Predictive Analytics

Predictive analytics is a sort of data analytics that identifies patterns in data and predicts future outcomes using statistical, machine learning, and artificial intelligence (AI) approaches. It is a strong tool for making better judgements in a variety of business applications.

Types of Predictive Analytical Models:

Predictive analytics models are designed to assess historical data, discover patterns, observe trends, and use that information to predict future trends. Popular predictive analytics models include classification, clustering, and time series models.

Classification models – Classification models fall under the branch of supervised machine learning models. These models categorize data based on historical data, describing relationships within a given dataset. It can also be used to answer binary questions, such as yes or no or true or false; prominent applications include fraud detection and credit risk assessment.
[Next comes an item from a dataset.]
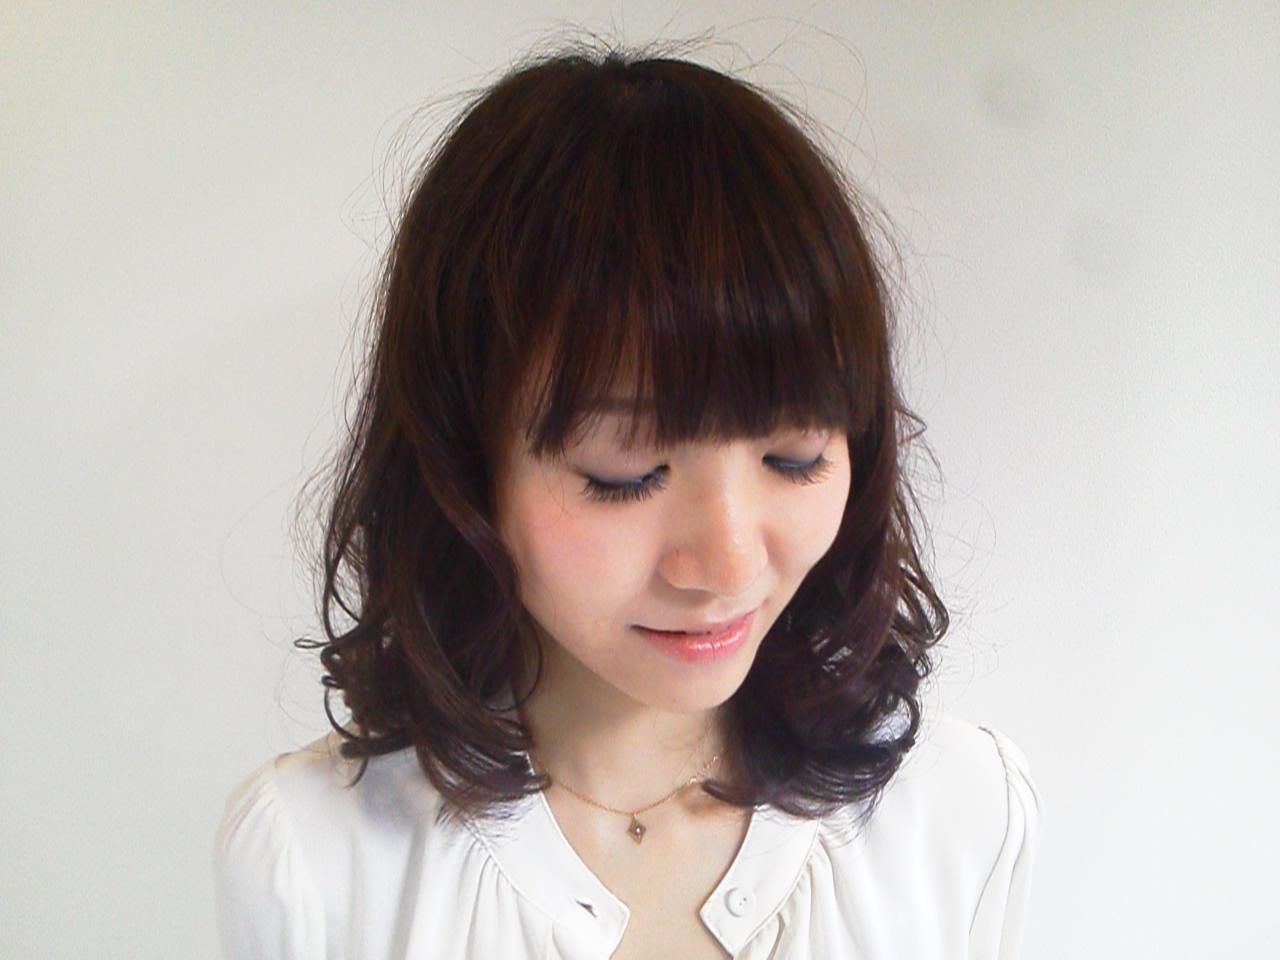 NEC_0486.JPG

Logistic regression, decision trees, random forest, neural networks, and Nave Bayes are examples of categorization models.
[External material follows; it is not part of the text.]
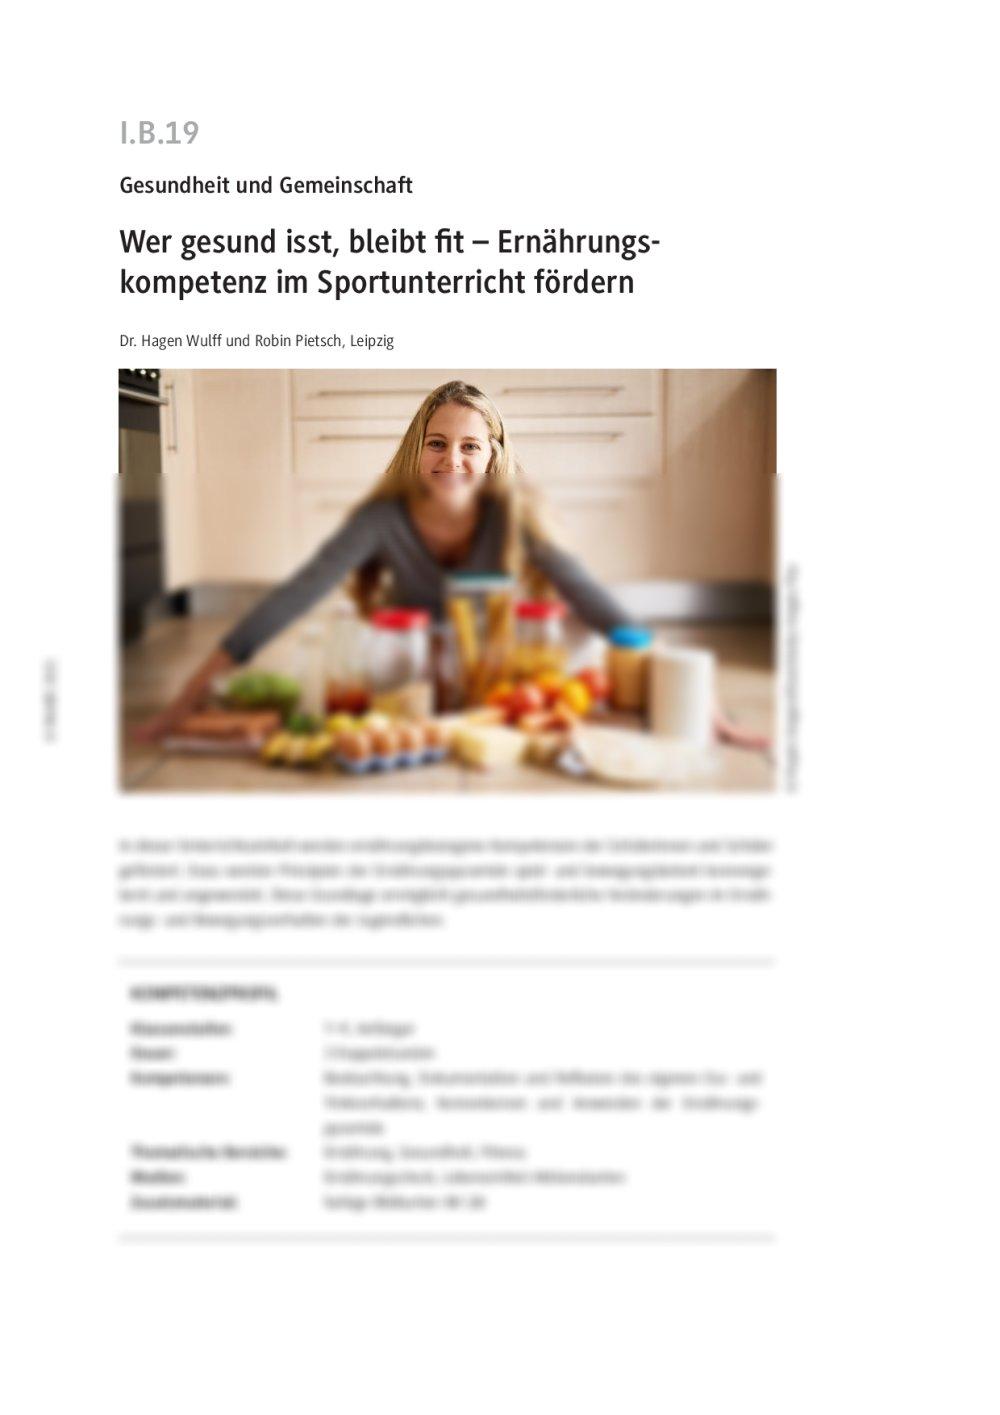 Ernährungskompetenz im Sportunterricht fördern - Seite 1

Clustering model – Clustering Model is an example of unsupervised learning. They categorize data based on similarities. An e-commerce site, for example, can use the model to divide clients into similar groups based on shared characteristics and build marketing strategies for each group. Clustering algorithms that are commonly used include k-means clustering, mean-shift clustering and hierarchical clustering.

Time Series Model – Time series models incorporate a variety of data inputs at different time intervals, such as daily, weekly, monthly, and so on. The dependent variable is commonly plotted across time to examine the data for seasonality, trends and cyclical behavior, which may indicate the necessity for specific transformations and model types. Time series models that are commonly employed include autoregressive (AR), moving average (MA), Autoregressive Moving Average (ARMA) and Auto-Regressive Integrated Moving Average (ARIMA). A call centre, for example, can use a time series model to anticipate how many calls it will receive per hour at various times of day.

Benefits of Predictive Analytical Models:

Security: Data security is an issue that must be addressed by every modern organization. Security is improved by combining automation and predictive analytics. Specific security procedures can be triggered by specific patterns associated with suspicious and anomalous end user behaviour.

Risk reduction: Most firms are attempting to minimize their risk profiles in addition to keeping data secure. For example, a credit provider can utilize data analytics to determine whether a customer is at a higher-than-average risk of default. Other businesses may use predictive analytics to determine whether their insurance coverage is appropriate.

Better decision making: Running a business necessitates making calculated decisions. Any expansion or addition to a product line, or any other type of growth, necessitates weighing the inherent risk against the potential outcome. Predictive analytics can provide knowledge to help inform decision-making and create a competitive advantage.